Найти в Дзене

Ральф Благородный

Его родители были по всем статьям благородные. Их родословные являли собой историю породы курцхааров (немецких короткошерстных легавых). Его подвела масть. Случилось так, что его мать родила шестерых. Причем четверо из них полностью соответствовали всем кинологическим требованиям породы, они, как и их родители, были шоколадного цвета с искрами. А вот два братика подкачали: родились черными, как ночь, с маленькими белыми звездочками на груди, что означало только одно — какая-то из их прабабушек сбегала-таки на сторону. Бог весь через сколько поколений отрыгнулся этот блуд, но он сыграл злую шутку с братьями. Их забраковали, то есть уравняли в правах с любым дворовым псом и не выдали родословной.

Шло время. Всех купировали, кому надо, выдали документы. Пришла пора распродажи. «Шоколадки» принесли хозяину прибыль, а двух черных братьев он подарил знакомым. Так благородный Ральф появился в Черемухово, где отродясь водились только дворовые страшилы. Были, правда, пары две гончаков да чистых лаек, но они не в счет.

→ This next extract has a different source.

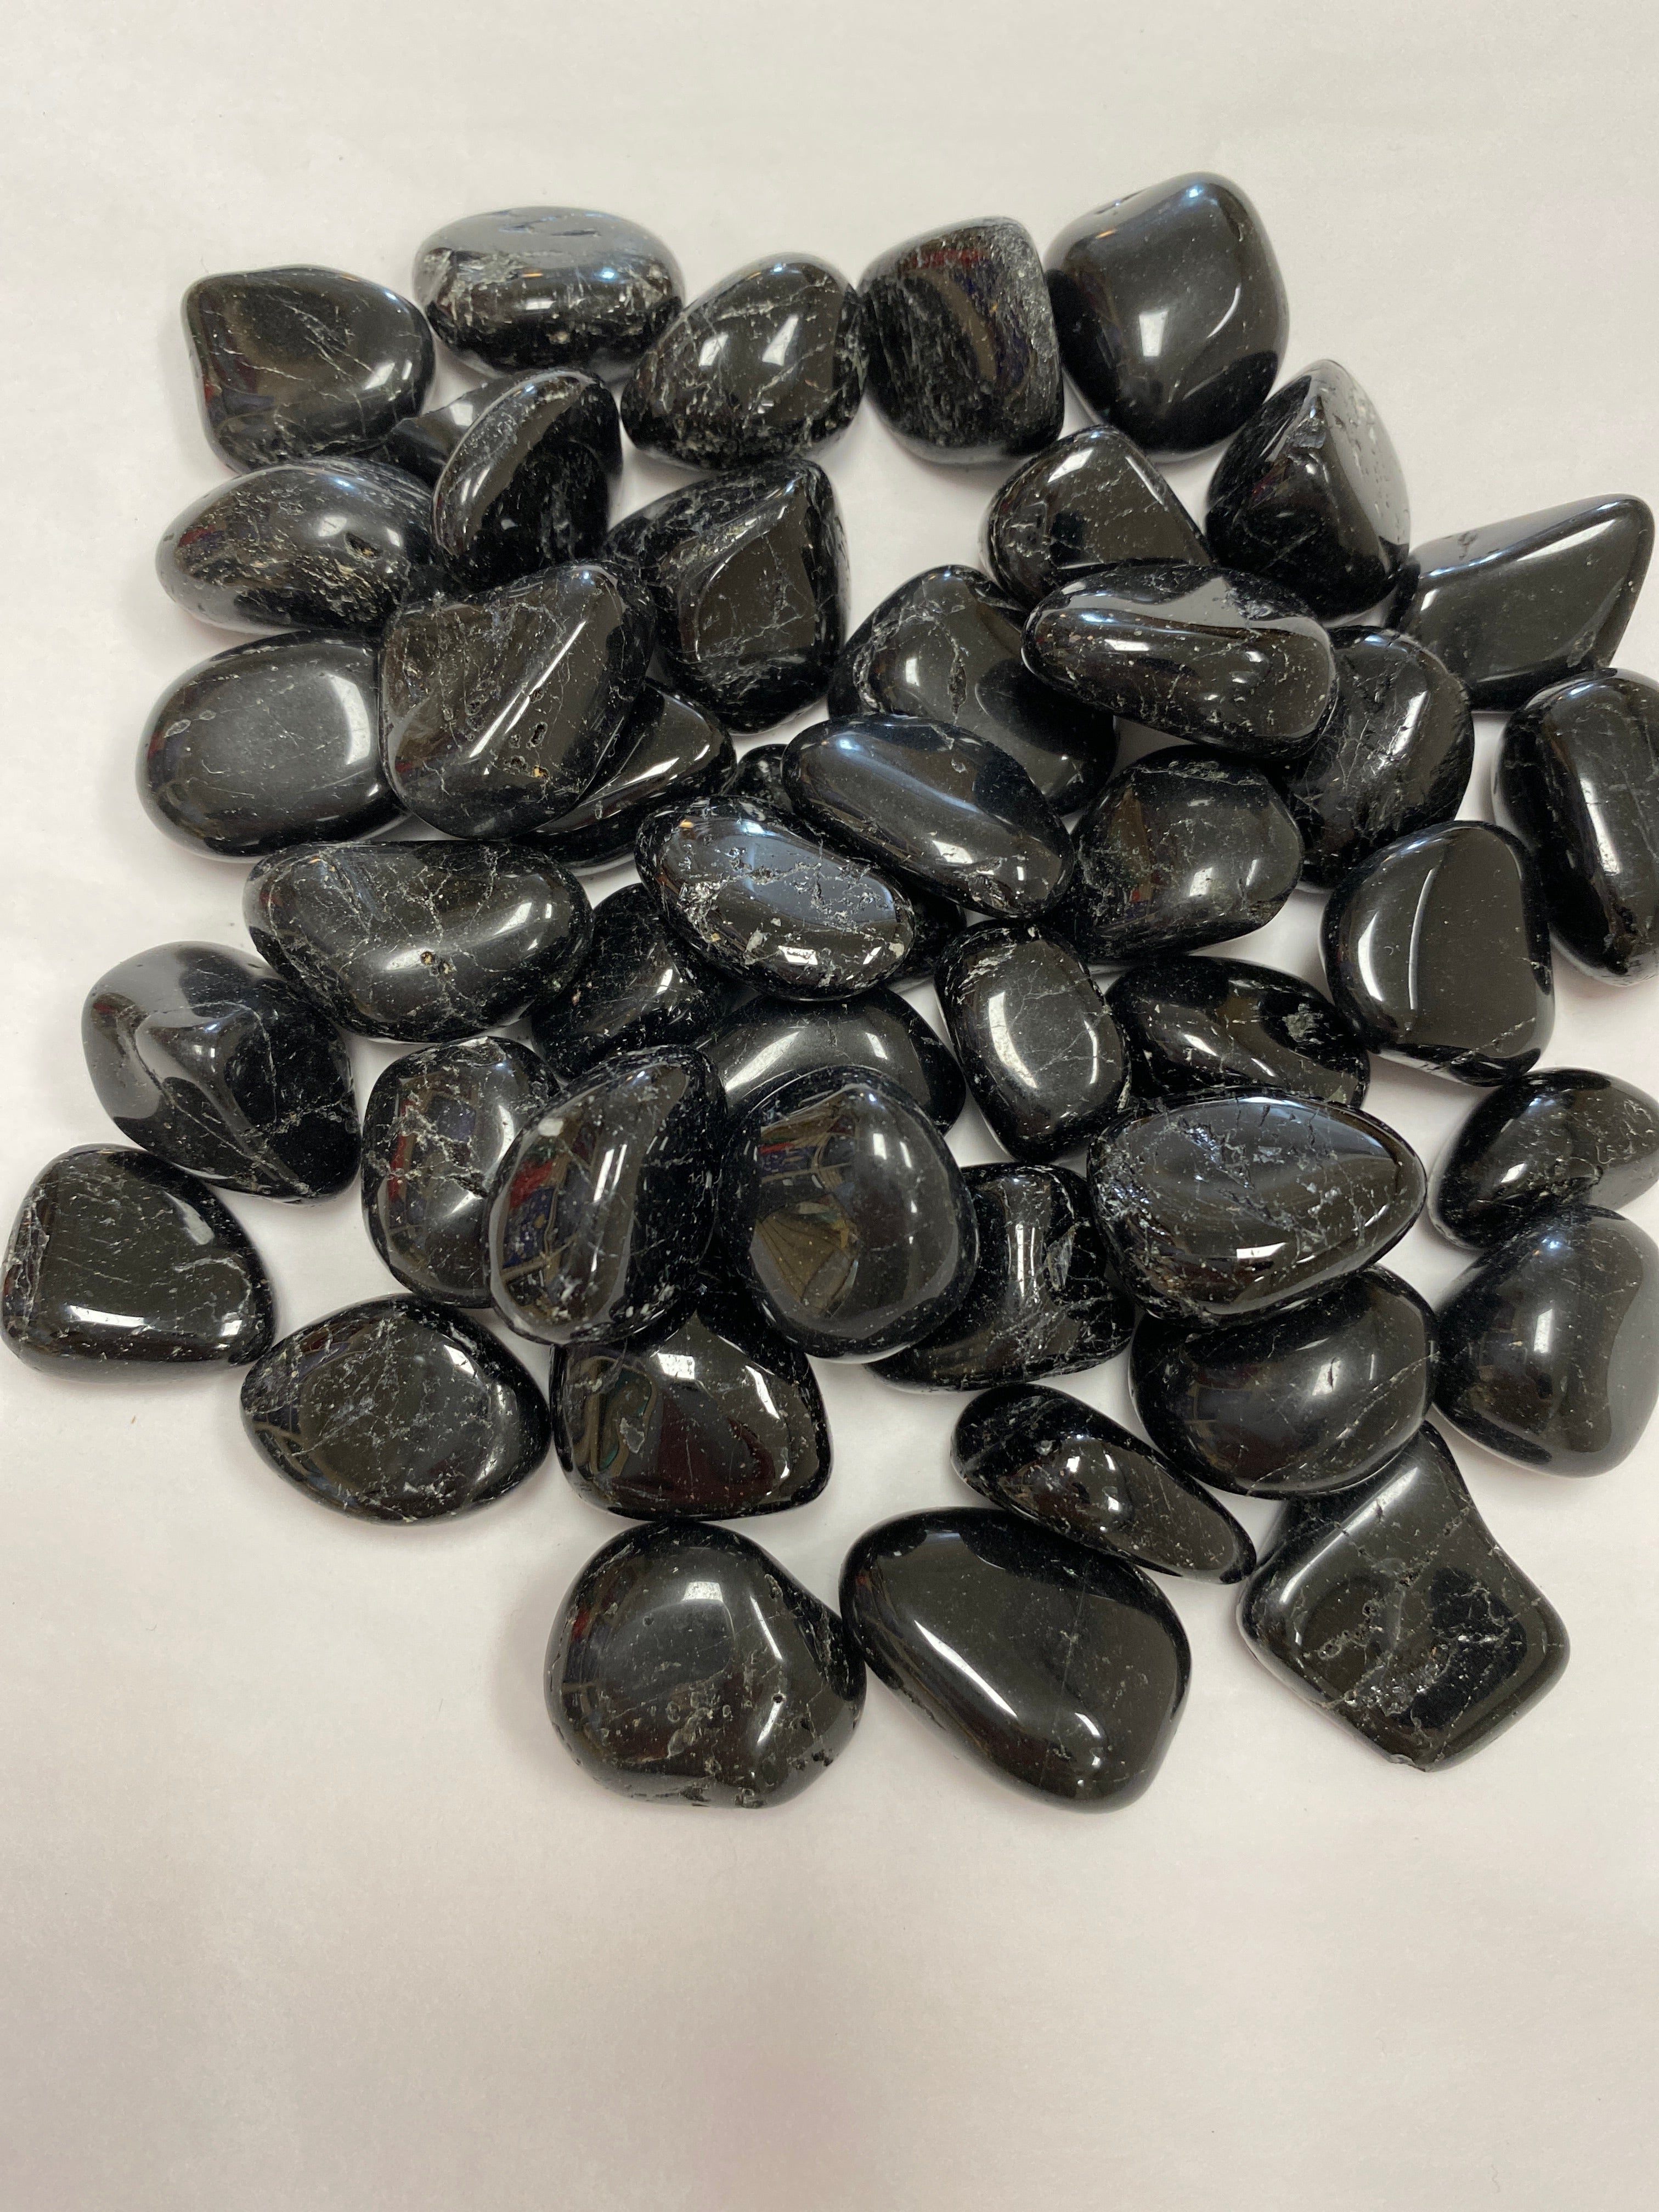 Smooth, black tumbled stone, known for protection, grounding, and negativity shielding.

Хозяин Ральфа был ему под стать. Начальник шахты Черемуховская Романенко, осмелюсь заметить, имел право считаться самой заметной личностью на СУБРе в 70-е годы прошлого столетия. О нем следует говорить особо, он заслуживает, чтобы его помнили. Но вряд ли А.Ф.Романенко знал свою родословную дальше своей бабушки, многие советские люди боялись своей родословной и не без основания. Потому мы и стали «Иванами не помнящими родства».

Другое дело, племенной скот, либо собаки — тут тебе и родословная, и генеалогическое древо, все как у людей голубых кровей. Следует заметить, у скота, как и у людей, «без бумажки ты букашка». Родословная обеспечивает соответственное обращение.

Ральф, конечно, ничего этого не знал, но во всем кроме масти, он был благороден. Стройный, сильный — одни мышцы, ни капли жира. Темная короткая шерсть блестела и резко подчеркивала всю прелесть фигуры пса. Характер выдержанный, нордический. Порода чувствовалась во всем. А белая звездочка на груди делала его просто неотразимым.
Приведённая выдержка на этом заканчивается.